At Dillard’s, Hodapp says private label sourcing used to require exchanging hundreds of faxes with suppliers, who in turn had to exchange production documents with their tier 2 and tier 3 suppliers. With a web-based system, he says, Dillard’s now not only gets immediate communication updates from its main suppliers, but it can also view correspondence up the supply chain to its supplier’s suppliers. This enables it to check on the production and logistical processes of every product feature, down to zippers and buttons. Dillard’s, which first implemented a web-based system last year, is switching to a system provided by QRS Corp., Richmond, Calif. “It helps us get products in stores faster,” Hodapp says. “And we know which suppliers work best.”
Managing inventory risk
New software is also helping retailers better manage the risk associated with sourcing merchandise that can quickly go out of fashion or out of season. If a supply of private label fashion doesn’t arrive on time, or arrives on time but with the wrong components, the retailer runs the risk of losing a major selling opportunity. “The bane of apparel manufacturing is that you have to make a big bet up front, months before you sell the stuff,” says Greg Girard, vice president of AMR.
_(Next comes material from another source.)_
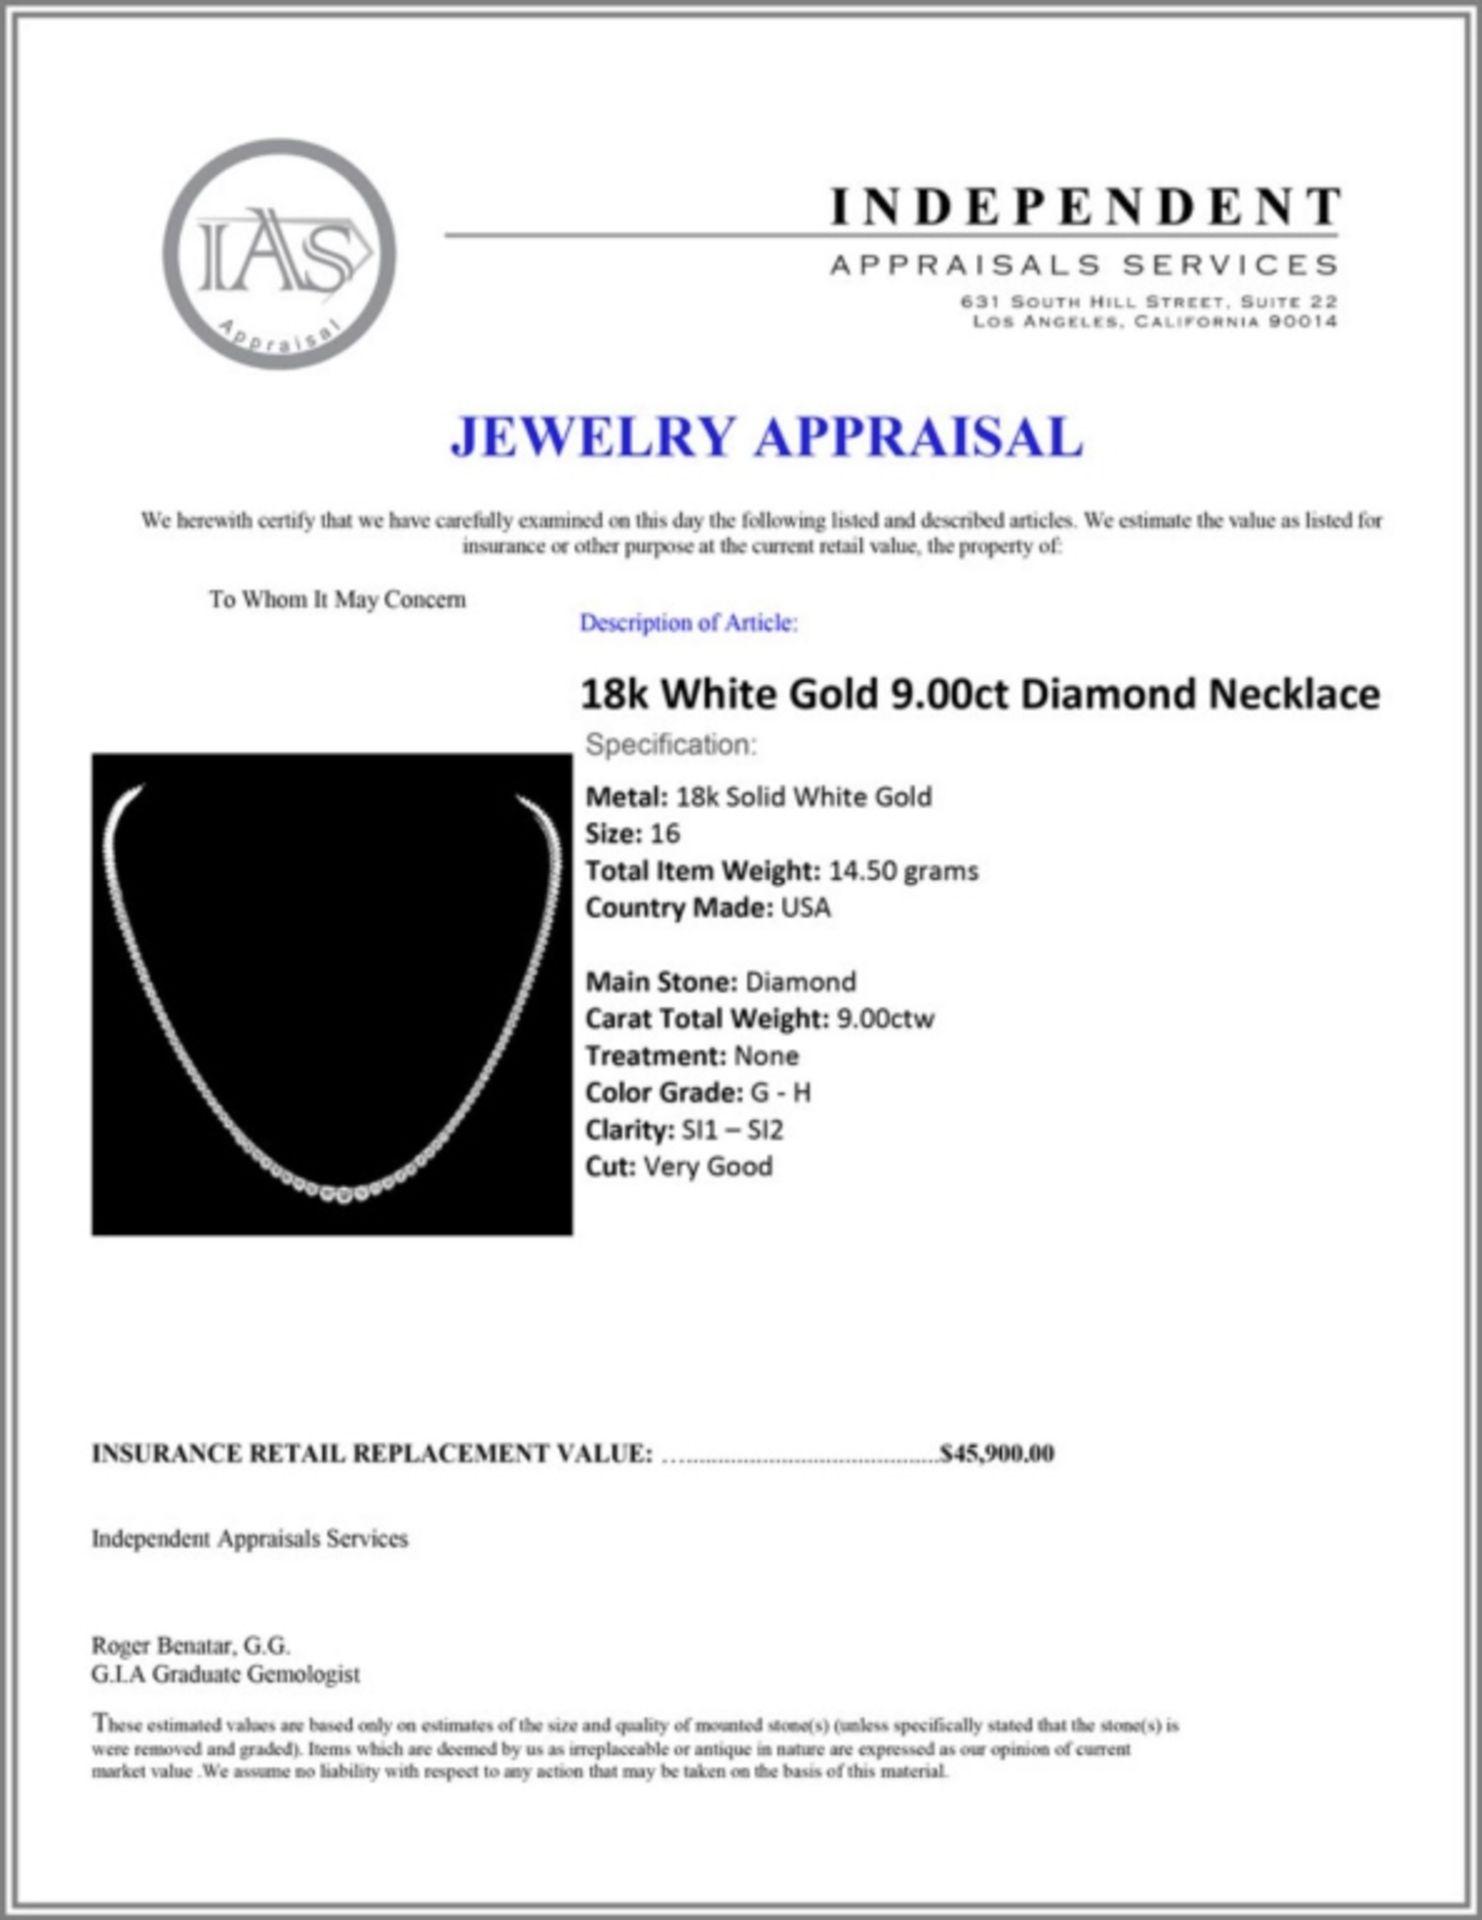 ^18k White Gold 9.00ct Diamond Necklace - Image 5 of 5

Still, the benefits of private label merchandise are so large that such products have become crucial to retailers’ strategies. But until recently the Internet itself was not reliable enough or ubiquitous enough to support such broad networks of foreign suppliers. Now it has reached higher levels of security and global connections, coinciding with applications designed to run over the Internet offering real-time data for managing and analyzing the variables of sourcing internationally.
The pool of new supply chain management products for sourcing private label brands is continuing to evolve. For example, SupplyChainge Inc. is offering a Lead Time Optimizer application that helps manage excess raw material supplies so a retailer can avoid over-production of seasonal merchandise and the typical markdowns that follow.
New Generation Computing has launched ETMS, a web-based event-tracking and management application that enables retailers and suppliers to coordinate multiple calendars for monitoring production according to deadlines. And SPS Commerce has introduced a web-hosted application for reporting events or changes in production along the supply chain.